Pearl
Pearl

Reputation: 452

Pandas read_sql changing large number IDs when reading

I transferred an Oracle database to SQL Server and all seems to have went well. The various ID columns are large numbers so I had to use Decimal as they were too large for BigInt.

I am now trying to read the data using pandas.read_sql using pyodbc connection with ODBC Driver 17 for SQL Server. df = pandas.read_sql("SELECT * FROM table1"),con)

The numbers are coming out as float64 and when I try to print them our use them in SQL statements they come out in scientific notation and when I try to use '{:.0f}'.format(df.loc[i,'Id']) It turns several numbers into the same number such as 90300111000003078520832. It is like precision is lost when it goes to scientific notation.

I also tried pd.options.display.float_format = '{:.0f}'.format before the read_sql but this did not help.
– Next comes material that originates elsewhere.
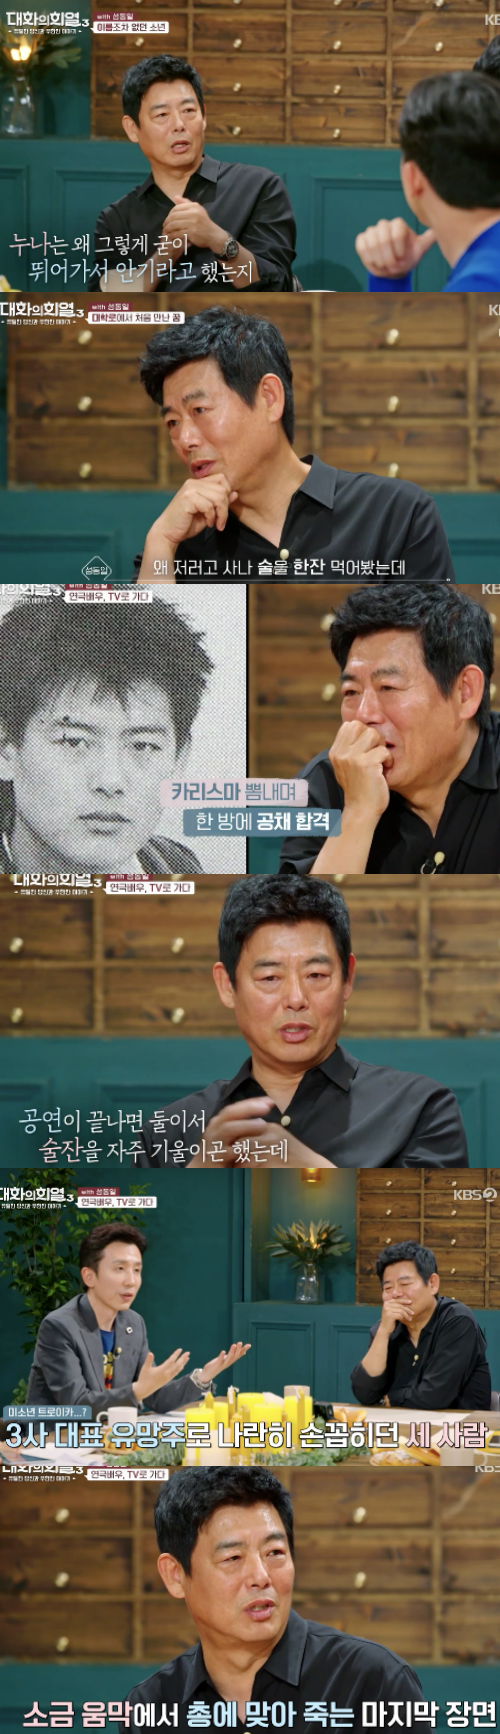 In the Delight of Dialogue 3, Sung Dong-il was shocked to confess that the total profit he earned for 10 years with Kim Young was 1.2 million won, following his heartbreaking childhood, where he lived without his name and family name for 10 years.The actor Sung Dong-il appeared on KBS 2TVs Hye-Yeol Season 3 of Dialogue broadcast on the 22nd.You Hee-yeol introduced Sung Dong-il, the 30th anniversary of his debut this year, saying, If you add up the play, you have postponed 40 years and a lifetime.When asked about his dreams during his school days, Sung Dong-il said, I was an adult, and said, It was a dream to live alone at home.Sung Dong-il, who was a boy who had no name in his adulthood, said, I did not even climb to my family, so I found my name until I was 10 years old in elementary school. I have never seen my father, the local adults called him Jonghoon, who built it,After that, I had to put it on my family register to enter the school, and I found my father who had broken up.One day, Im your father, my first father, my parents reunited that day, put it on my family register, and went to school, Sung Dong-il recalled.But it was worse between my parents.Sung Dong-il said, I did not want to blame my parents, but rather I wanted to have their bad relationship because of me.Sung Dong-il said, My mother has been living in the streets for a lifetime, and my mother who could not afford to take care of her child, and I did not talk about going to school.When my mother made a single decision, she told me to pick out what I wanted to buy one day, Sung Dong-il said. My mother told me how to leave you when she saw me choosing a bowl of rice in my sportswear, and my mother did not give up her life.He then made his debut as a SBS bond talent in 1991, and his move to TV was because he did not want to suffer his mother anymore.Sung Dong-il, who lived as Kim Young at the time, was shocked by the fact that the total income for 10 years was 1.2 million won.All of them said, Lee Jung-eun was an actor with an annual salary of 200,000 won, but now he has earned a lot.In addition, he had a hard time for another 10 years, he had to eat and live.I am an actor, but entertainment is not an atmosphere because of my pride, he said. Now was the time to appear in entertainment, but it was time to keep my pride.So, Sung Dong-il, whose acting skills were full in the work Chuno, was praised as Sung Dong-il.But when you humbly answered that you did not come out much, You Hee-yeol recalled a person named Chun Ji-ho who was all in the memory, saying, The presence is a main character-class new styler.Sung Dong-il said, I am a little different from the concept, I want to be a good father, but the answer is clear. If I live against my father, I am a good father, a good husband.I think you gave me good teachings that you dont have to pass on great property, I think youre positive, I always feel like a father, I just want to live on the other hand, I just want to live on the other hand, Sung Dong-il said.I was told that my father had gone to the funeral, but I didnt go to the funeral, he said, recalling the day his father died. I later found out that my wife had secretly visited before my father died and showed me the young June and Bin, and my wife first introduced her grandchildren and died a few days later.Sung Dong-il said, My wife has been holding a sacrifice for our fathers sacrifice since then, and we have been holding a sacrifice so far. There is nothing to beat my wife. You Hee-yeol was impressed.Sung Dong-il recalled the first rice soup house that met his wife and said, I could not have a wedding ceremony for everyone. Thank you to my wife who made a good family healthy and healthy for all three children.Finally, when asked about the happiest moment for Sung Dong-il, he said, I am the happiest person to go home after shooting and see my children and wife sleeping, he said.The Joy of Dialogue 3 broadcast screen capture

Clearly I must be doing something wrong as the Ids in the database are correct.

Any help is appreciated Thanks

Upvotes: 4

Views: 3513

Answers (2)

Ian Kennedy
Ian Kennedy

Reputation: 21

I've had this problem too, especially working with long ids: read_sql works fine for the primary key, but not for other columns (like the retweeted_status_id from Twitter API calls). Setting coerce_float to false does nothing for me, so instead I cast retweeted_status_id to a character format in my sql query.

Using psql, I do:

df = pandas.read_sql("SELECT *, Id::text FROM table1"),con)

But in SQL server it'd be something like

df = pandas.read_sql("SELECT *, CONVERT(text, Id) FROM table1"),con)

or

df = pandas.read_sql("SELECT *, CAST(Id AS varchar) FROM table1"),con)

Obviously there's a cost here if you're asking to cast many rows, and a more efficient option might be to pull from SQL server without using pandas (as a nested list or JSON or something else) which will also preserve your long integer formats.

Upvotes: 2

Gord Thompson
Gord Thompson

Reputation: 123829

pandas' read_sql method has an option named coerce_float which defaults to True and it …

Attempts to convert values of non-string, non-numeric objects (like decimal.Decimal) to floating point, useful for SQL result sets.

However, in your case it is not useful, so simply specify coerce_float=False.